THIS ANNOUNCEMENT IS FOR INFORMATIONAL PURPOSES ONLY, AND DOES NOT CONSTITUTE OR FORM PART OF ANY OFFER OR INVITATION TO SELL OR ISSUE, OR ANY SOLICITATION OF AN OFFER TO PURCHASE OR SUBSCRIBE FOR, ANY SECURITIES OF BEOWULF MINING PLC.

THIS ANNOUNCEMENT AMOUNTS TO A FINANCIAL PROMOTION FOR THE PURPOSES OF SECTION 21 OF THE FINANCIAL SERVICES AND MARKETS ACT 2000 ("FSMA") AND HAS BEEN APPROVED BY PRIMARYBID LIMITED WHICH IS AUTHORISED AND REGULATED BY THE FINANCIAL CONDUCT AUTHORITY (FRN 779021).

NOT FOR RELEASE, PUBLICATION OR DISTRIBUTION DIRECTLY OR INDIRECTLY, IN WHOLE OR IN PART, IN OR INTO AUSTRALIA, THE REPUBLIC OF BELARUS, CANADA, HONG KONG, JAPAN, NEW ZEALAND, THE REPUBLIC OF SOUTH AFRICA, THE RUSSIAN FEDERATION, SINGAPORE, SWITZERLAND AND THE UNITED STATES OR IN ANY OTHER JURISDICTION IN WHICH OFFERS OR SALES WOULD BE PROHIBITED BY APPLICABLE LAW.

DETTA PRESSMEDDELANDE ÄR AVSETT FÖR INVESTERARE I STORBRITANNIEN OCH HAR DÄRFÖR INTE ÖVERSATTS TILL SVENSKA.

9 February 2023

Beowulf Mining plc

("Beowulf" or the "Company")

PrimaryBid Offer

· Beowulf announces the launch of a retail offer of up to 104,000,000 new Ordinary Shares via PrimaryBid;

· The Issue Price for the Ordinary Shares is 2.06p per Ordinary Share, representing a discount of approximately 31.3 per cent. to the closing mid-price of the Ordinary Shares on 8 February 2023;

· Investors can access the PrimaryBid Offer by visiting www.primarybid.com and downloading the PrimaryBid mobile app;

· Investors may also be able to take part through PrimaryBid's extensive network of retail brokers, wealth managers and investment platforms. Subscriptions through these partners can be made from tax efficient savings vehicles such as ISAs or SIPPs, as well as General Investment Accounts (GIAs);

· There is a minimum subscription of £250 per investor in the PrimaryBid Offer;

· No commission is charged by PrimaryBid on applications to the PrimaryBid Offer.

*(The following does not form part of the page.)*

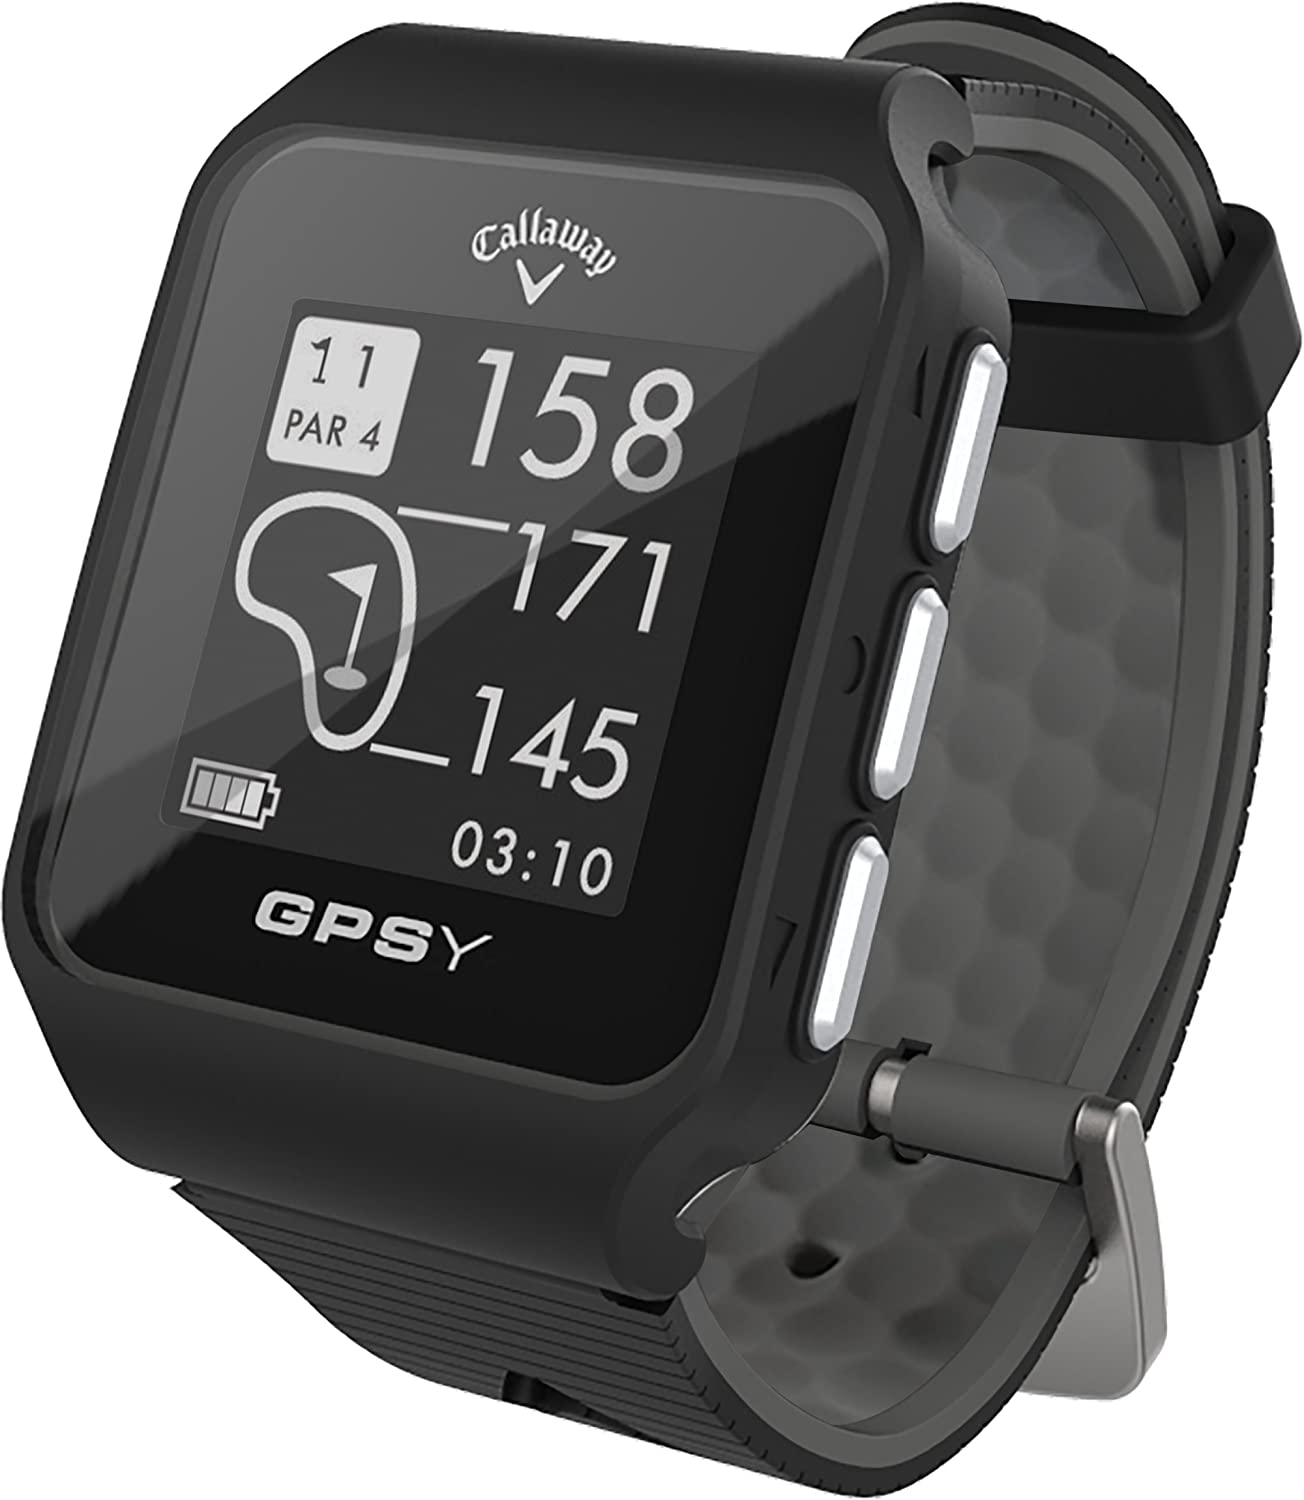 Callaway Mens GPSY Golf GPS Watch

· The PrimaryBid Offer will close at 4 p.m. on 23 February 2023.

PrimaryBid Offer

Beowulf (AIM: BEM), the mineral exploration and development company, is pleased to announce, the launch of a conditional offer for subscription via PrimaryBid (the "PrimaryBid Offer") of up to 104,000,000 new Ordinary Shares of 1 pence each in the Company ("Ordinary Shares") at an issue price of 2.06 pence per new Ordinary Share (the "Issue Price"), being a discount of approximately 31.3 per cent. to the closing mid-price of the Ordinary Shares on 8 February 2023. The Company announced its intention to launch the PrimaryBid Offer on 25 January 2023. The PrimaryBid Offer is for a maximum of approximately £2.1 million before the deduction of transaction related costs.

 

The Company is also conducting a preferential rights issue of up to 316,681,938 Swedish Depository Receipts ("SDRs"). The SDRs represent interests in the Ordinary Shares and the preferential rights issue of SDRs will amount to approximately SEK 85.5 million (approximately £6.8 million) before deduction for transaction related costs (the "Rights Issue"). In addition, members of the Board and executive management have agreed to subscribe for a total of 8,800,481 new Ordinary Shares, equivalent of approximately £181,000 (the "Additional Subscription", together with the PrimaryBid Offer and the Rights Issue, the "Capital Raise").

 

The new SDRs will be offered at a price of SEK 0.27 per SDR. As previously announced on 25 January 2023, the offer price for the SDRs and the Issue Price of 2.06 pence under the PrimaryBid Offer represent a discount of approximately 46 per cent. to the average daily weighted average price for the SDRs and the Ordinary Shares during a trading period of 15 business days ending on and including 24 January 2023. The Rights Issue will be open to Swedish investors at the same time as the opening of the subscription period for the PrimaryBid Offer. The Rights Issue will close at the same time as the PrimaryBid Offer, although the PrimaryBid Offer may close early if it is oversubscribed.

 

The Capital Raise is conditional on the shares to be issued pursuant to the Capital Raise being admitted to trading at or before 8.00 a.m. on 22 March 2023 ("Admission").  The PrimaryBid Offer will not be completed without the Rights Issue also being completed.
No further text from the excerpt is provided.